RELATÓRIO DE INVERNO

Aqui está o relatório mais recente da OCDE sobre a Zona Euro. Como era de esperar, as previsões não nos são muito favoráveis.

MALDITA DÍVIDA

Um dos países da OCDE menos afectado pela crise financeira internacional debate-se agora com problemas de... endividamento. No Canadá, os últimos números das dívidas das famílias e dos particulares foram agora publicados e as autoridades canadianas já declararam estar muito preocupadas com a evolução da dívida privada. Porquê? Porque o rácio dívida-rendimento já ultrapassou os 148%, um valor ainda mais elevado do que nos Estados Unidos, cuja dívida privada é considerada bastante elevada. Por isso, no Canadá já se diz que o Banco do Canadá irá brevemente aumentar os juros para tentar conter possíveis bolhas especulativas no mercado imobiliário e que têm contribuído para o crescimento da dívida privada canadiana. Veremos se as autoridades do país ainda vão a tempo de evitar algo mais dramático.

UNITED WE FALL

Foram agora publicados os dados mais recentes do Bank for International Settlements sobre a exposição dos vários países às dívidas da Grécia, de Portugal, da Irlanda e da Espanha. Os dados confirmam mais uma vez que há vários países altamente expostos às dívidas destes países. Aqui está um resumo da situação feita pelo blog Zero Hedge (como poderão ver, os gráficos do post são muito sugestivos):

"The country with biggest exposure to the PIGS is not surprisingly Germany with $513 billion, followed by France at $410 billion, Great Britain at $370 billion, and... the US at $353 billion. As for the next two dominoes to drop, Portugal and Spain, the countries whose banks are most at risk are Spain, France and Germany for Portugal and Germany, France and the US for Spain. Which explains why the Fed is now collaborating fully with the ECB from preventing the Portugues rout from hitting Spain, and makes us wonder just how many Spanish bonds the Fed may have been buying in recent weeks."

13 dezembro 2010

PALAVRAS SENSATAS (2)

Palavras sábias de António Barreto sobre a situação actual.

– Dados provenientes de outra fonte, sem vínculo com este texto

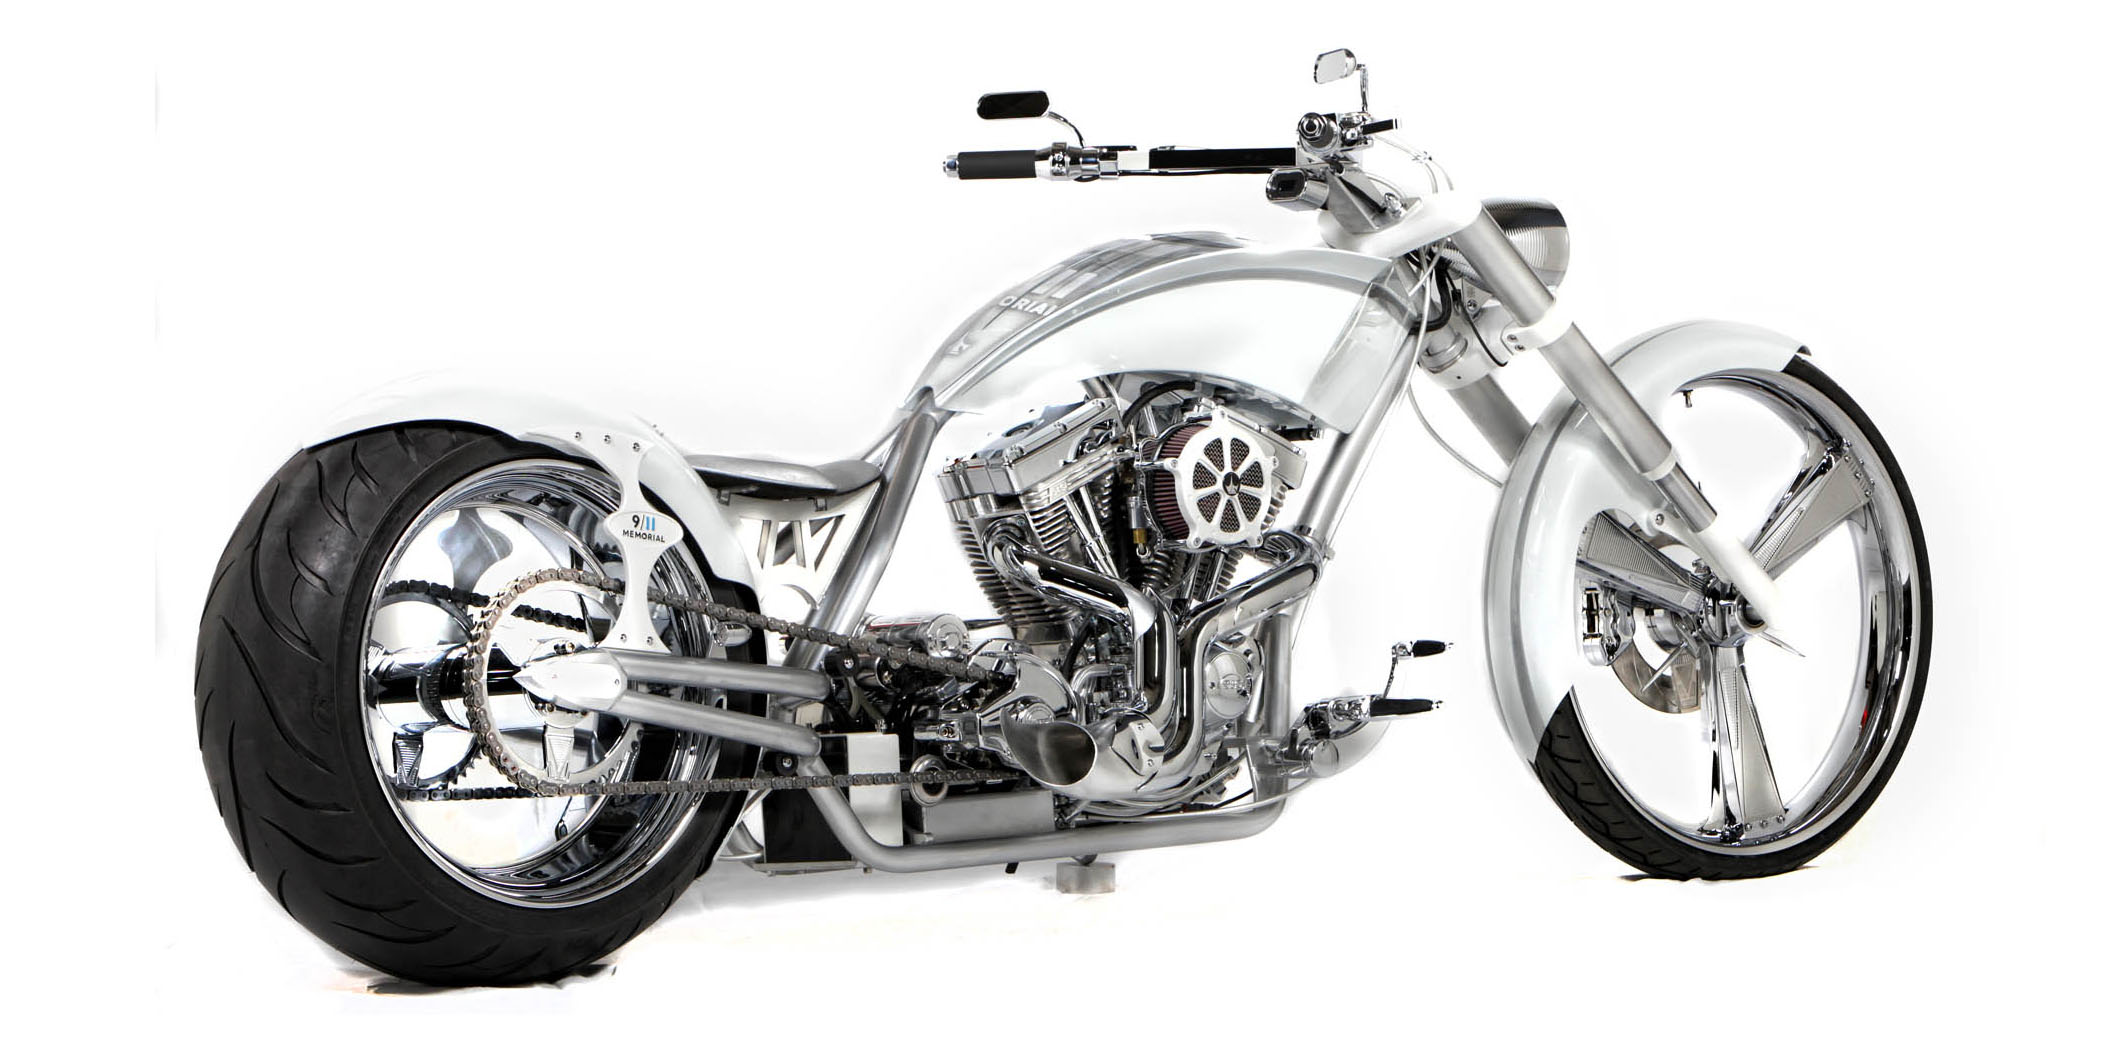 paul-jr-designs-911-giveaway-bike-009

REFORMAS LABORAIS E PRECARIEDADE

É mais do que evidente que uma das reformas que será levada a cabo nos próximos tempos é a reforma das leis laborais. E não, não estou a falar de somente de tornar os despedimentos mais baratos. Estou mesmo a pensar (oh heresia!) numa maior flexibilização dos despedimentos individuais. A verdade é que, para o bem ou para o mal, uma flexibilização das leis laborais é simplesmente inevitável, quer seja com este governo (se assim for forçado pelos nossos parceiros europeus), quer seja com o próximo governo (o mais provável). Porquê? Porque Portugal é o país da OCDE com o maior índice de rigidez laboral ao nível dos despedimentos individuais, um factor que impede uma mais rápida criação de emprego e prejudica a competitividade das nossas exportações.
Ainda assim, e perante a inevitabilidade desta reforma, seria bom que houvesse mais elevação no debate sobre estas matérias. É que, nesta área, a retórica política e ideológica sobrepõe-se ao bom senso que estas questões deviam acarretar. E o bom senso (e inúmeros trabalhos empíricos) demonstra inequivocamente que as nossas leis laborais não só fomentam o desemprego, como também são a principal fonte da precariedade do trabalho no nosso país. Para percebermos porquê, vale a pena olhar para o gráfico abaixo, onde se vê que Portugal é um dos países da OCDE com maior incidência de trabalho precário (eixo horizontal), um facto que está intimamente ligado às nossas leis referentes aos despedimentos individuais (eixo vertical).
É igualmente visível que, contrariamente à percepção errada que existe entre nós, muitos dos países onde as leis laborais são menos rígidas (isto é, onde é mais fácil despedir trabalhadores individuais) são exactamente países que têm Estados Sociais fortes (p. ex, a Dinamarca ou o Canadá). Ou seja, flexibilizar as leis laborais não equivale a destruir o Estado Social. Bem pelo contrário. Ao promoverem uma mais rápida criação de emprego e ao fomentarem a competitividade das exportações, leis laborais menos rígidas contribuem para uma maior criação de riqueza, que poderá ser então utilizada para proteger o Estado Social. Afirmar o contrário é demagogia ideológica.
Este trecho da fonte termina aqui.